La pratique du jeûne fait l’objet de débat dans les équipes nationales notamment celles du Sénégal et de la France qui comptent dans leurs rangs des joueurs de confession musulmane pour la Coupe du monde de football prévue du 14 juin au 15 juillet prochains en Russie.
En effet, le jeûne musulman coïncide cette année avec la période des stages de préparation du Mondial qui vont disputer le mondial 2018 en Russie.
Lors de la publication de la liste des 23 Lions retenus pour le mondial Russie 2018, Aliou Cissé a répondu à une question d’un journaliste sur le mois de ramadan. A cette interpellation le sélectionneur des Lions de répondre, « c’est une sauce interne. Je vais discuter du jeûne avec ses joueurs concernés par le ramadan « , a répondu aux journalistes le sélectionneur national du Sénégal, Aliou Cissé, jeudi dernier, tout en tenant à faire remarquer que jeûner « n’est pas compatible avec le sport de haut niveau ».
Invité de l’émission « RFM matin » sur la chaîne de radio éponyme, le chef religieux Ahmed Khalifa Niasse, partage l’avis du sélectionneur national sur l’incompatibilité de la pratique du sport de haut de niveau avec l’abstinence et les privations imposées par le jeûne.
« Les personnes dont le sport est le métier, l’emploi avec lequel elles gagnent leur vie peuvent ne pas jeûner pendant le ramadan », a-t-il précisé en vertu du Coran.
On se souvient que lors de l’Euro 2016, qui a coïncidé avec le ramadan, aucun des footballeurs de confession musulmane chez les Bleus n’avait jeûné, rappelle le quotidien sportif français L’Equipe, dans son édition de ce mercredi.
Selon l’Agence de presse sénégalaise (APS) qui cite le journal L’Equipe, Didier Deschamps sélectionneur de l’équipe de France est confronté à ce même dilemme avec des joueurs musulmans, « Paul Pogba, Ngolo Kanté, Benjamin Mendy, Djibril Sidibé et Nabil Fekir, tous des musulmans sélectionnés par la France à la Coupe du monde 2018, ont disposé d’une liberté en la matière, en cette période de préparation du Mondial, qui coïncide avec le ramadan ».
Aliou Cissé et son staff se trouvent presque dans la même posture.
A en croire le quotidien sportif français qui a interrogé un préparateur physique « cela ne pose pas problème. Sur la durée, c’est plus problématique, car c’est générateur de blessures, car un joueur qui observe le jeûne a simplement moins d’énergie que les autres ».
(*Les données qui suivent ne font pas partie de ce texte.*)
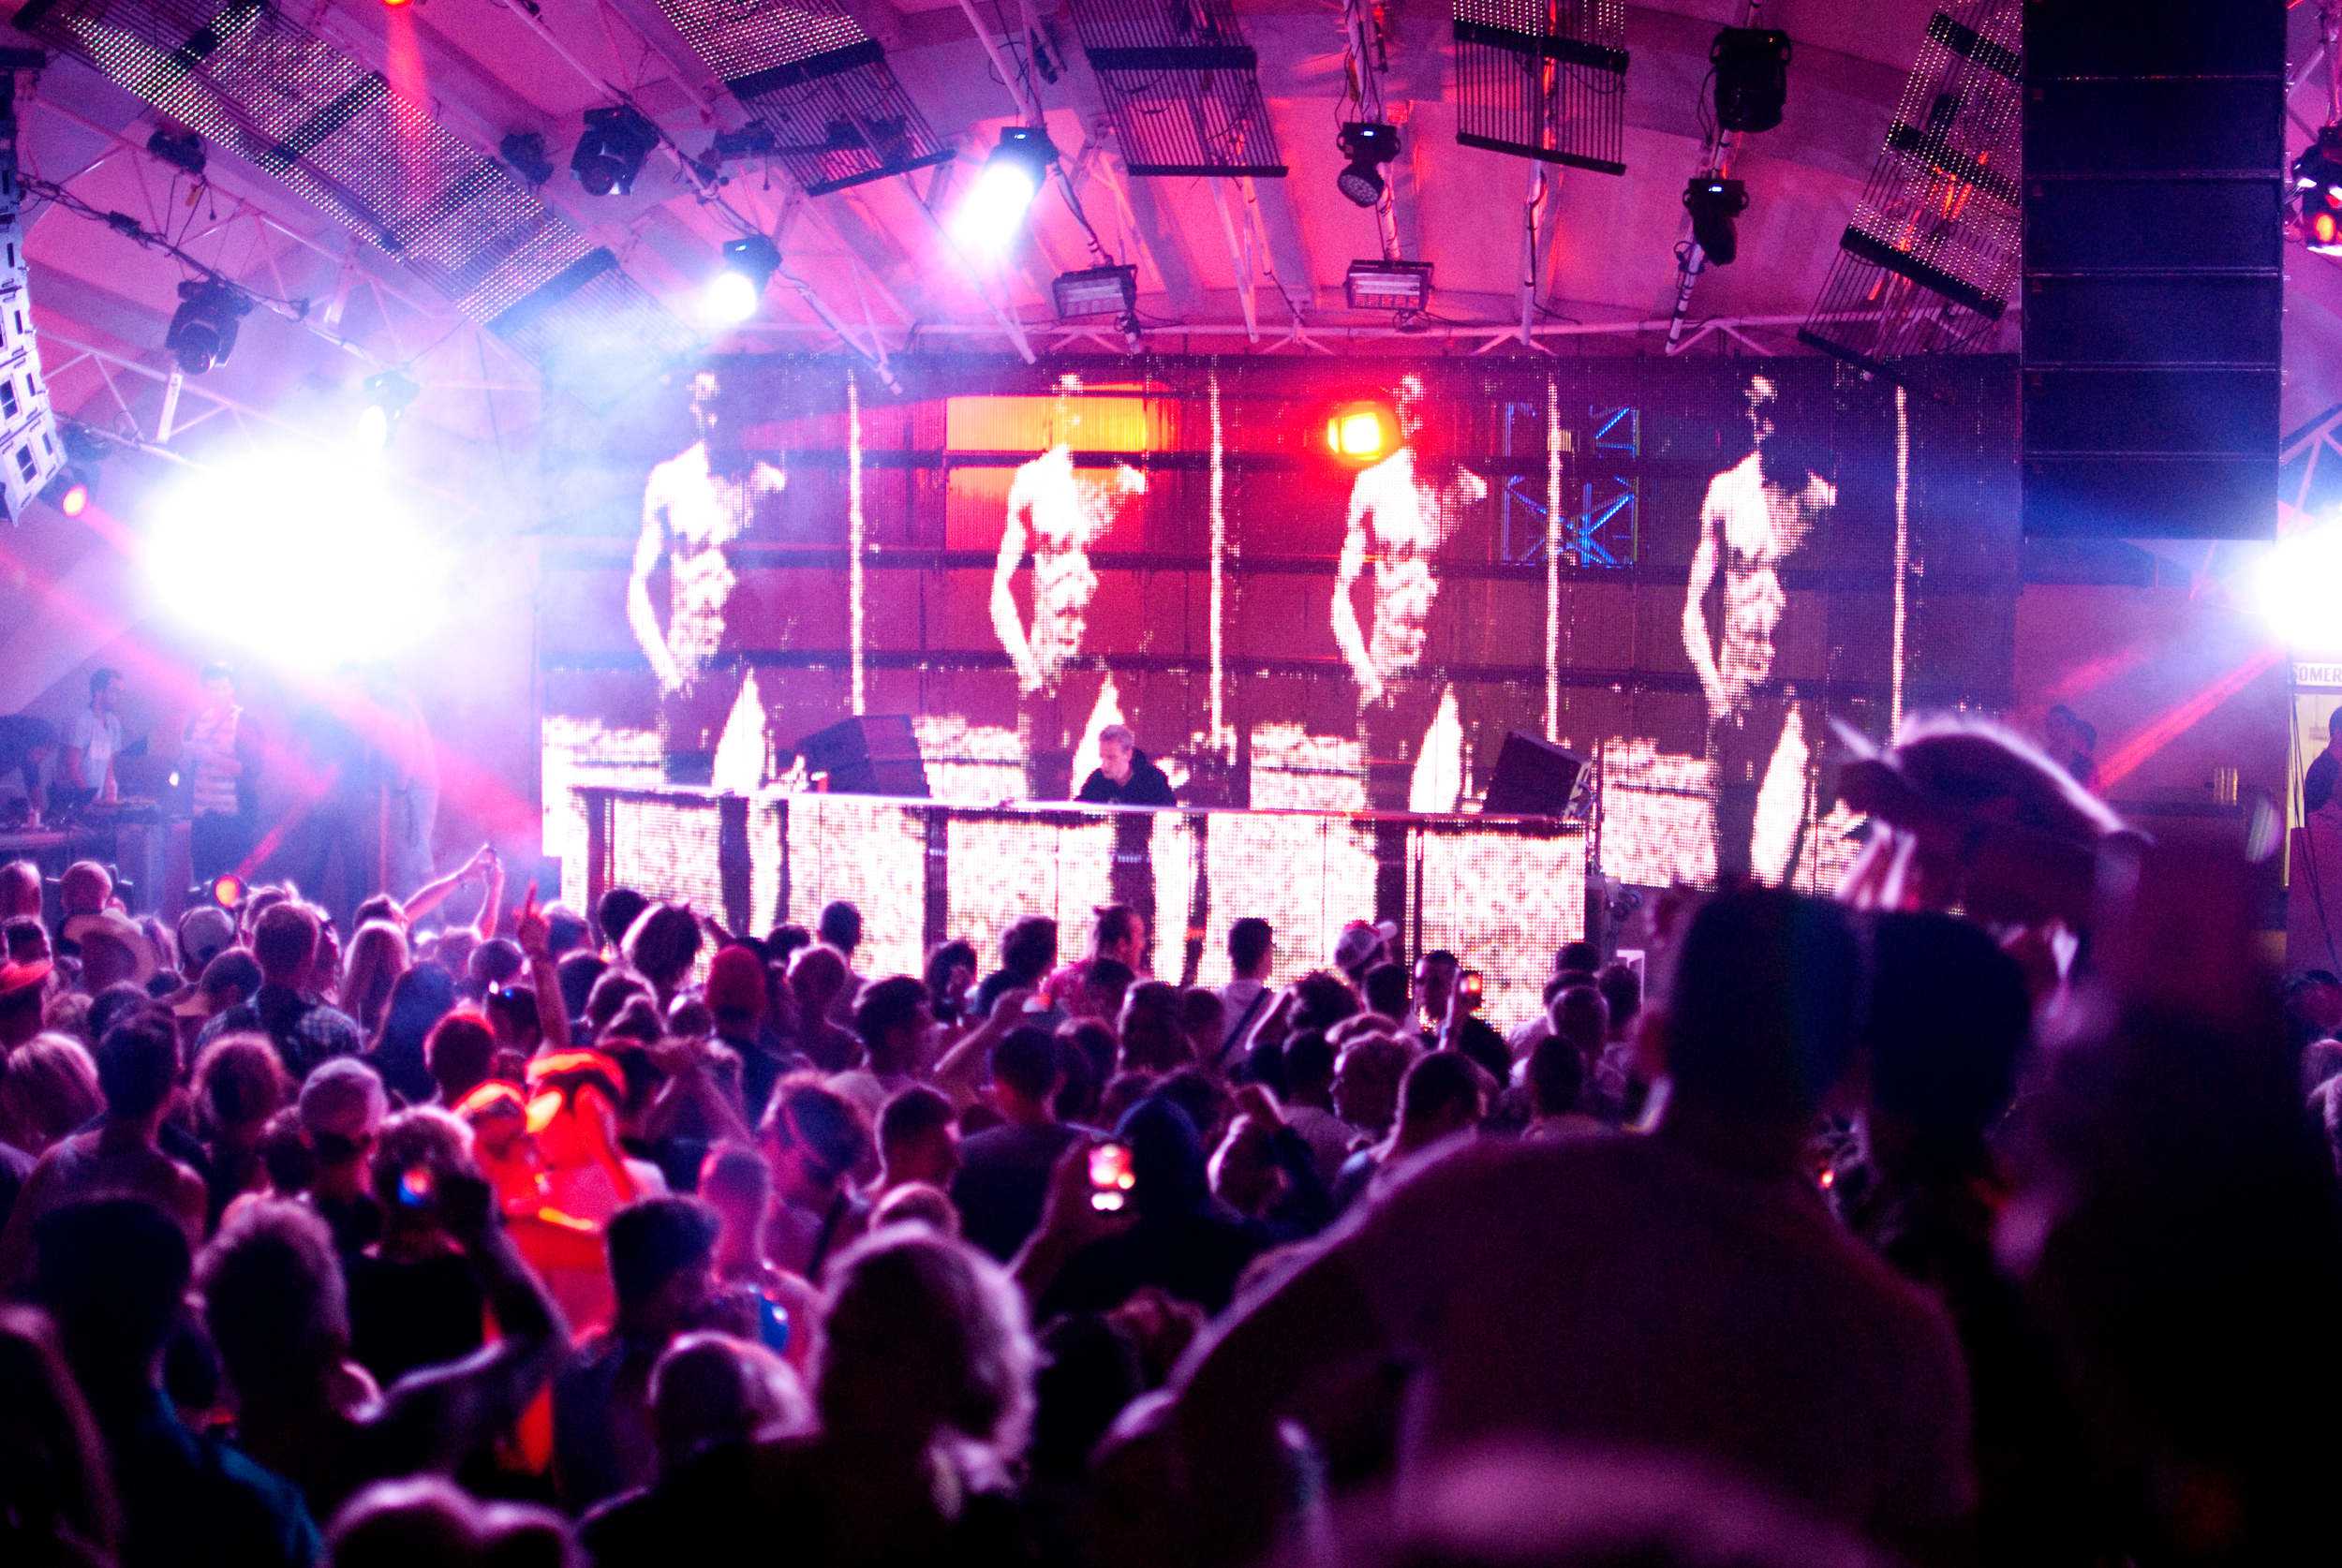 GeorginaCook_hideout_festival_croatia_crowd_club.jpg

D’après le spécialiste, « le corps est desséché et le risque de blessure musculaire est notamment important. Je me suis rendu compte, en travaillant avec des joueurs de confession musulmane durant ces dernières années, où le ramadan correspondait avec les périodes de forte chaleur, que ce risque-là était connu de ces athlètes de haut niveau », a-t-il ajouté.